— AVAILABLE RECORDS —
^^^^^^^^

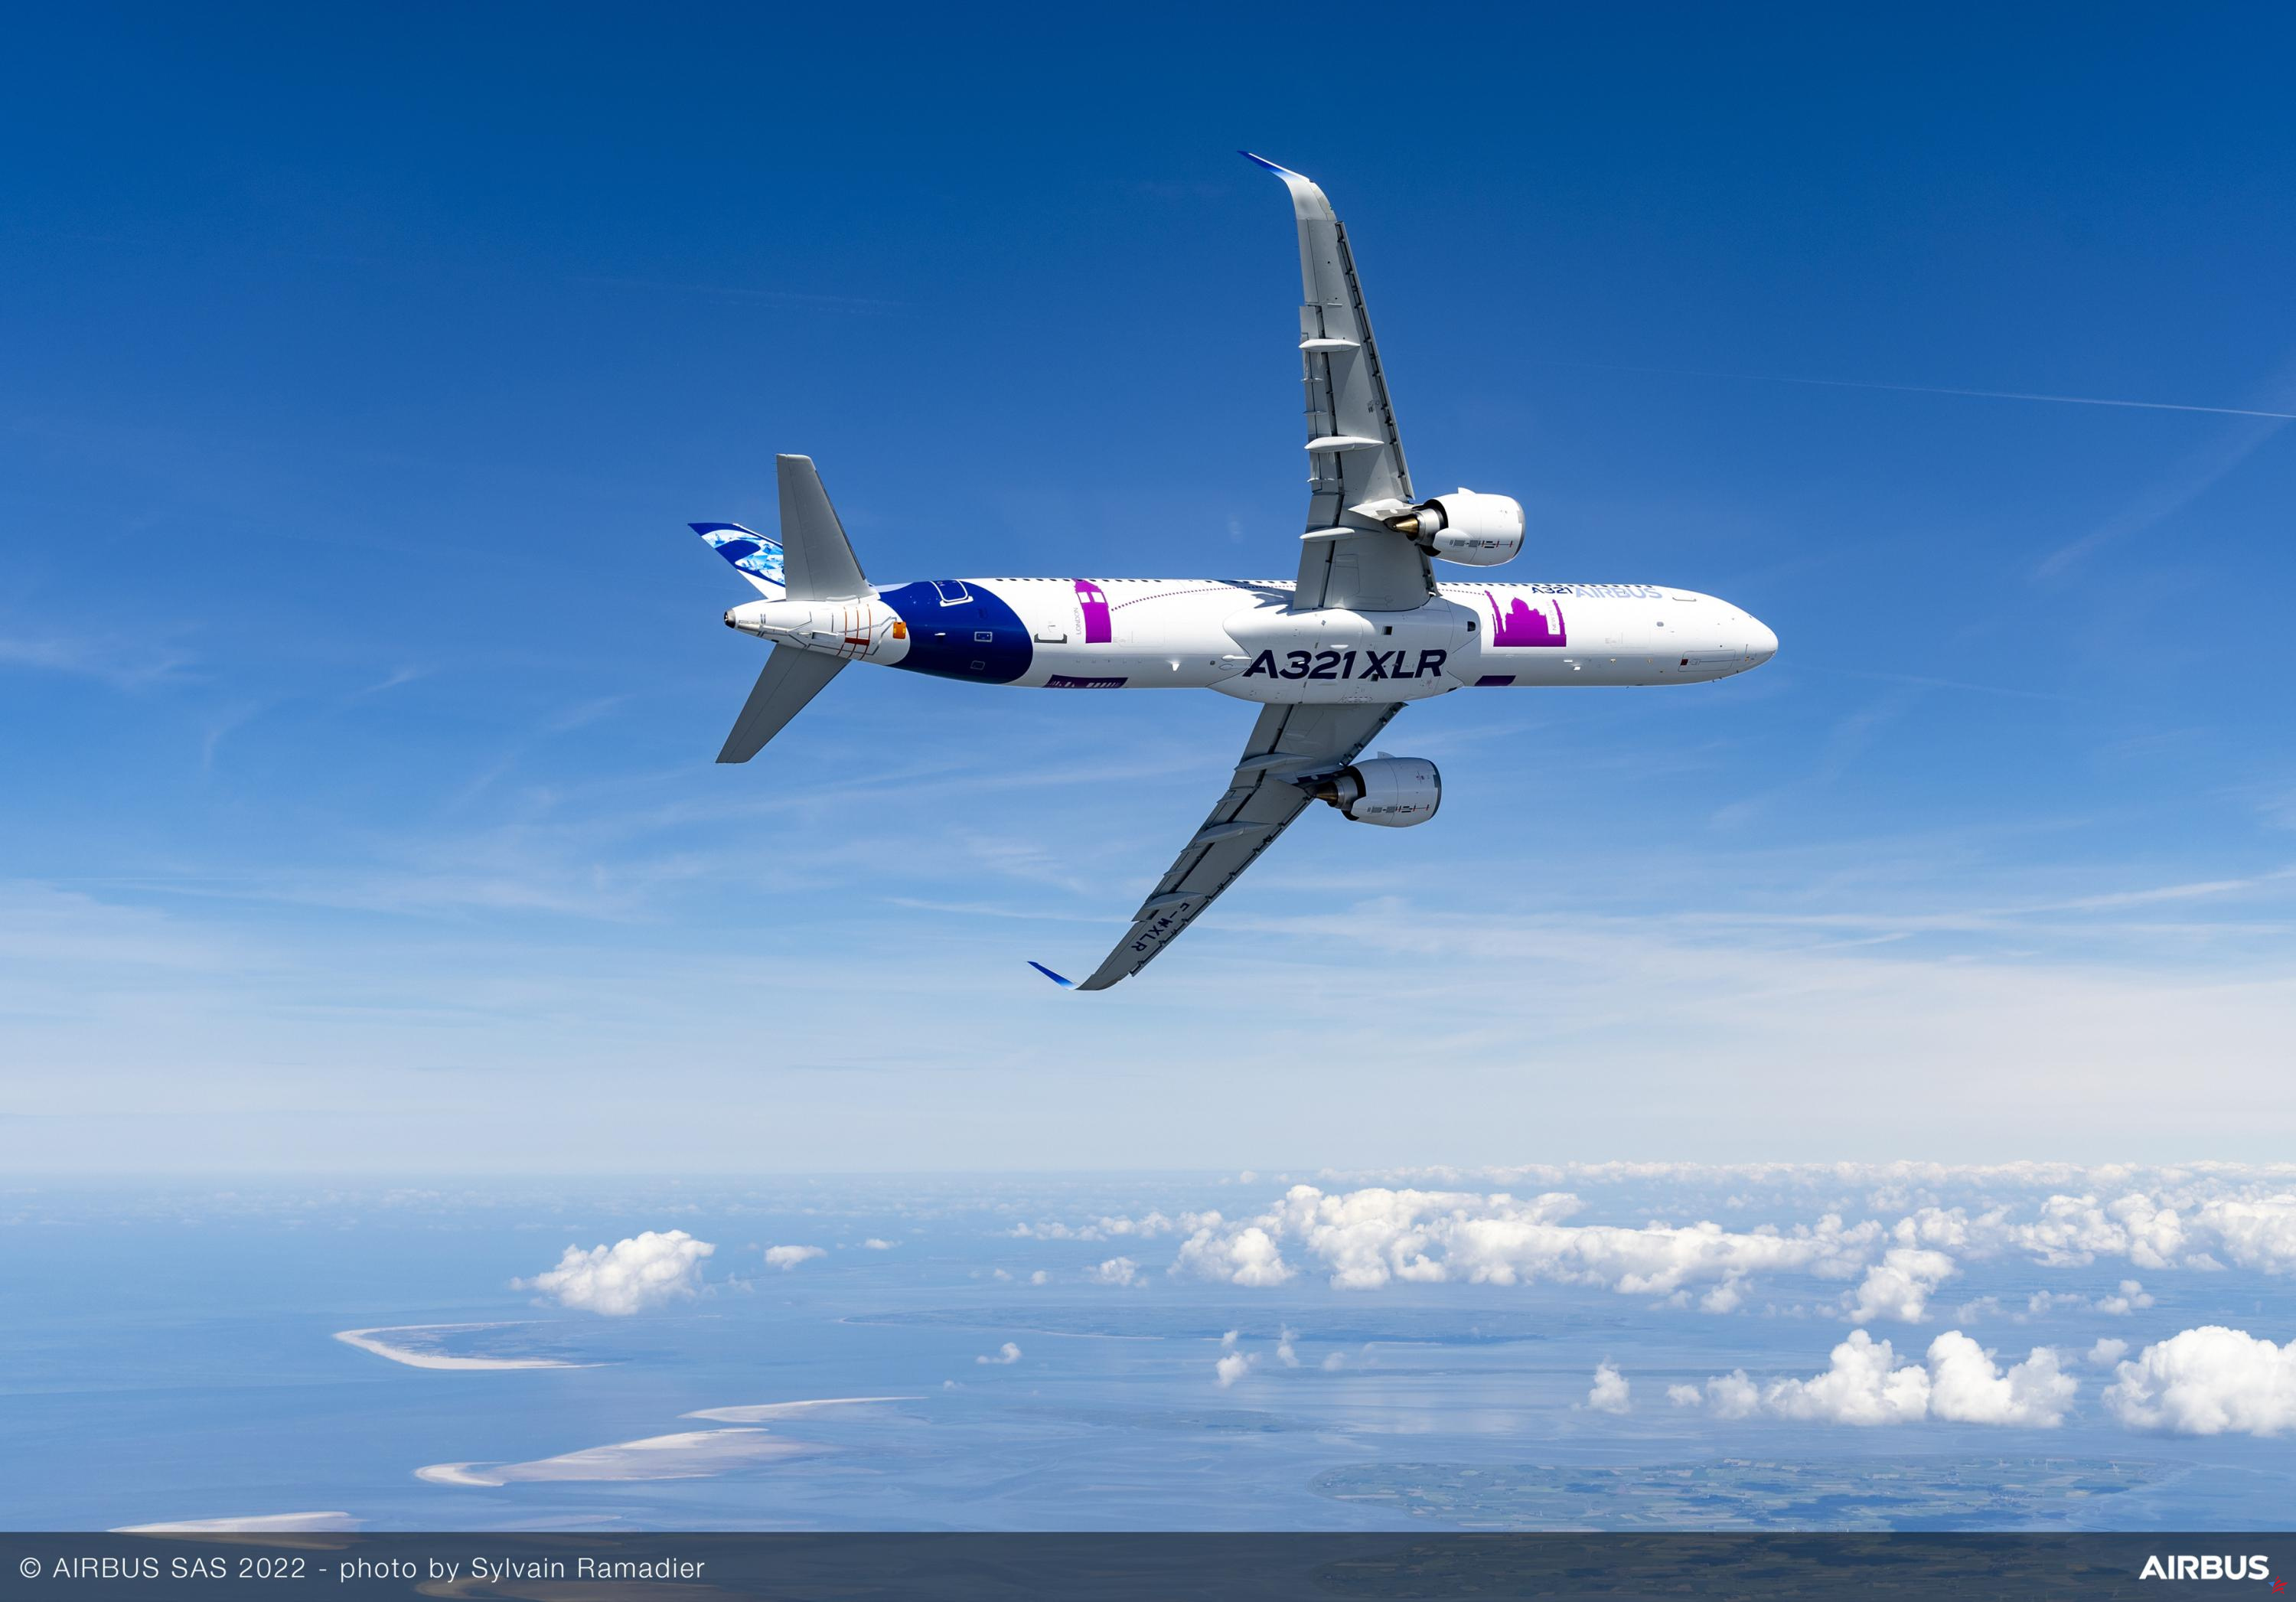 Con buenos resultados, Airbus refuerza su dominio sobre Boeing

^^^^^^^^

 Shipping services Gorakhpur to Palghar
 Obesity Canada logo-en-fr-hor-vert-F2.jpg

^^^^^^^^

— EXERCISE DETAILS —
Every line above from the line with "Shipping services Gorakhpur to Palghar" to the line with "Obesity Canada logo-en-fr-hor-vert-F2.jpg", both included, must be reproduced exactly, and no other line may appear.

— RESULT FOR THIS TASK —
 Shipping services Gorakhpur to Palghar
 Obesity Canada logo-en-fr-hor-vert-F2.jpg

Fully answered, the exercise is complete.